# Fort Pickens Sharks



## Jaybird513 (Jul 29, 2013)

Hey yall, I just signed up and am really excited to learn from what everyone has to offer, and am looking forward to fishing with some of yall!

I am going out to Fort Pickens this weekend (Friday night) and I want to do shark fishing. There are a few problems I have, however. 

One, I am used to fresh water fishing.
Two, I have a trolling reel (Penn 330 GT) so I cant get my bait out.
Three, very new to shark fishing.
Four, I have no kayak, so I cant drop my bait.

The list goes on I'm sure.
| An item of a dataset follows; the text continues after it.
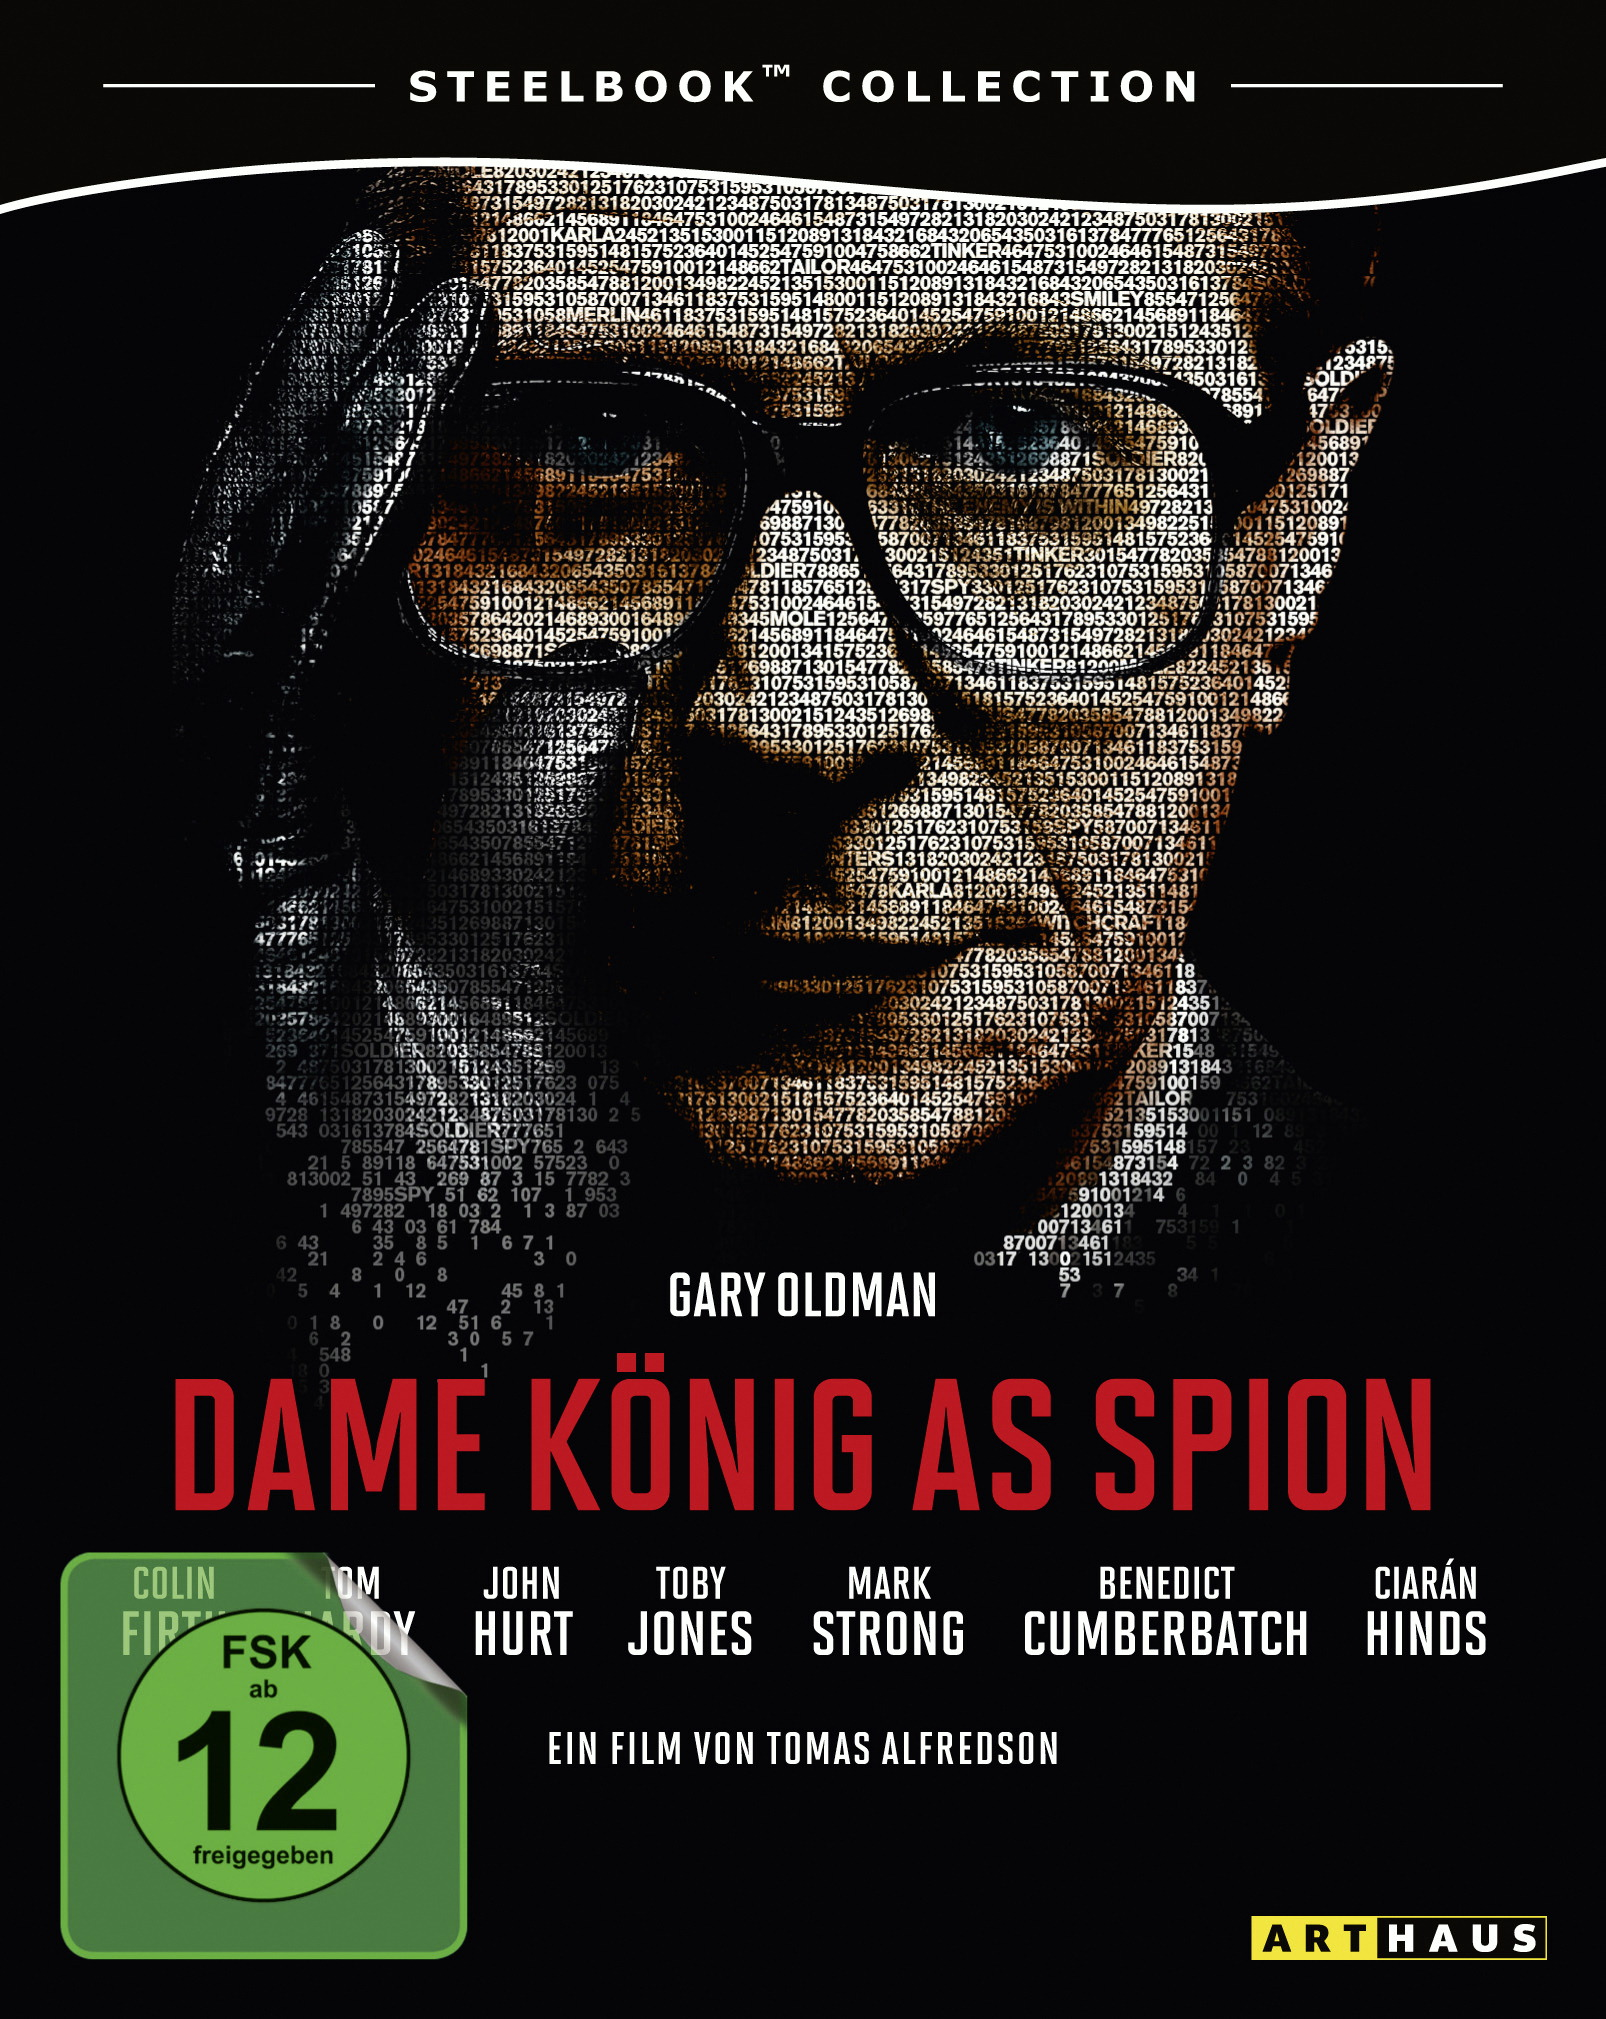 Dame König As Spion (Steelbook Collection) Poster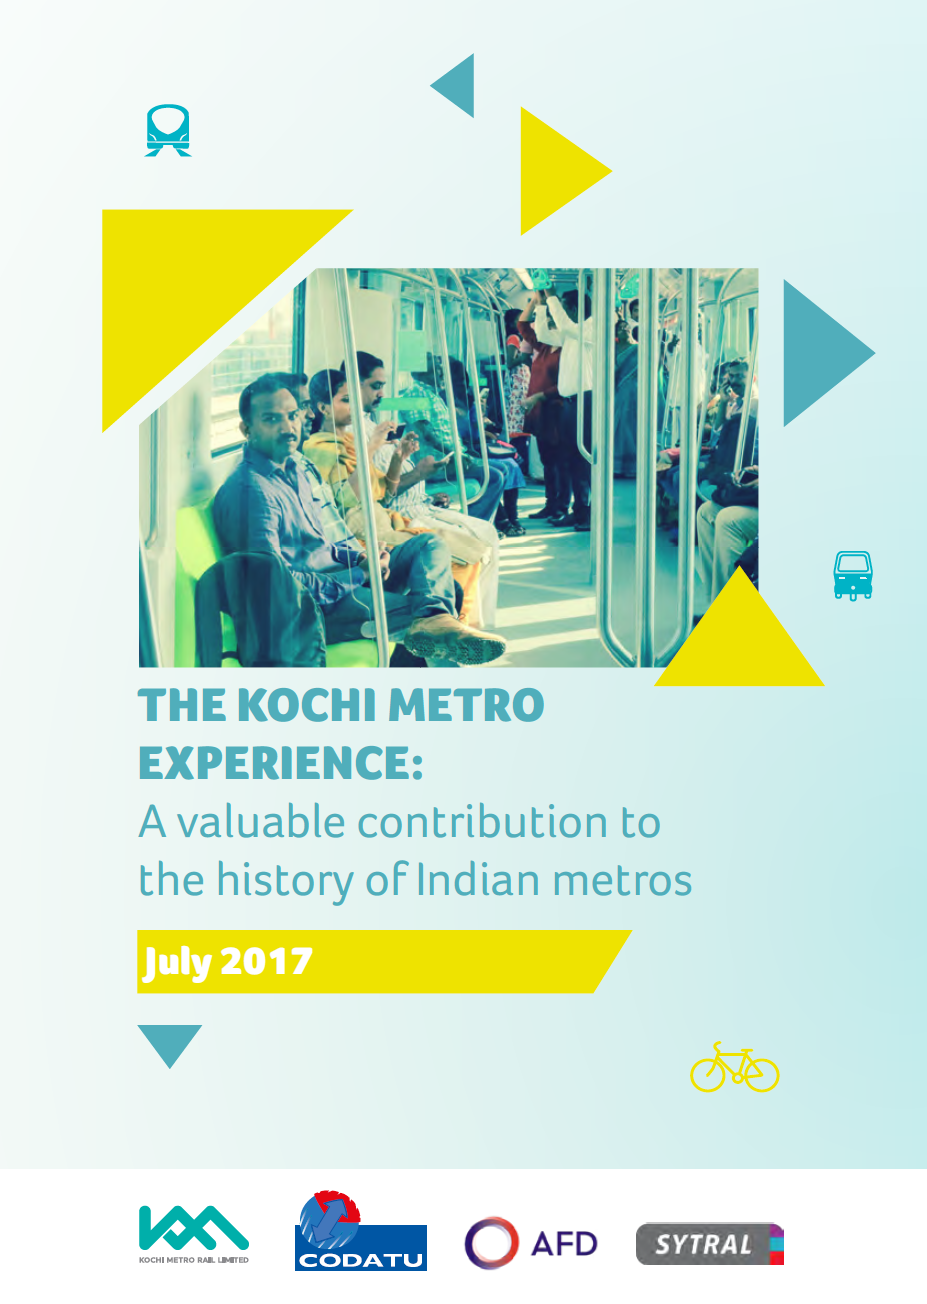 Kochi Metro Experience

I am very eager to learn, and get my hands dirty. So, if anyone wants to go, text me @ 8507234481 and let me know! Or just post some info to help get me started!

Thanks so much for the help yall! :notworthy:

Jay-G


----------



## lowprofile (Jan 6, 2013)

doesn't sound like your going shark fishing this weekend... 

1. watch the weather

2. go with someone experienced... and i mean experienced with sharks over 6ft not a pro at catching baby sharks on pomp rigs

3. get a yak

4. get a 6/0 or 9/0 reel and 50lb line with appropriate rod. 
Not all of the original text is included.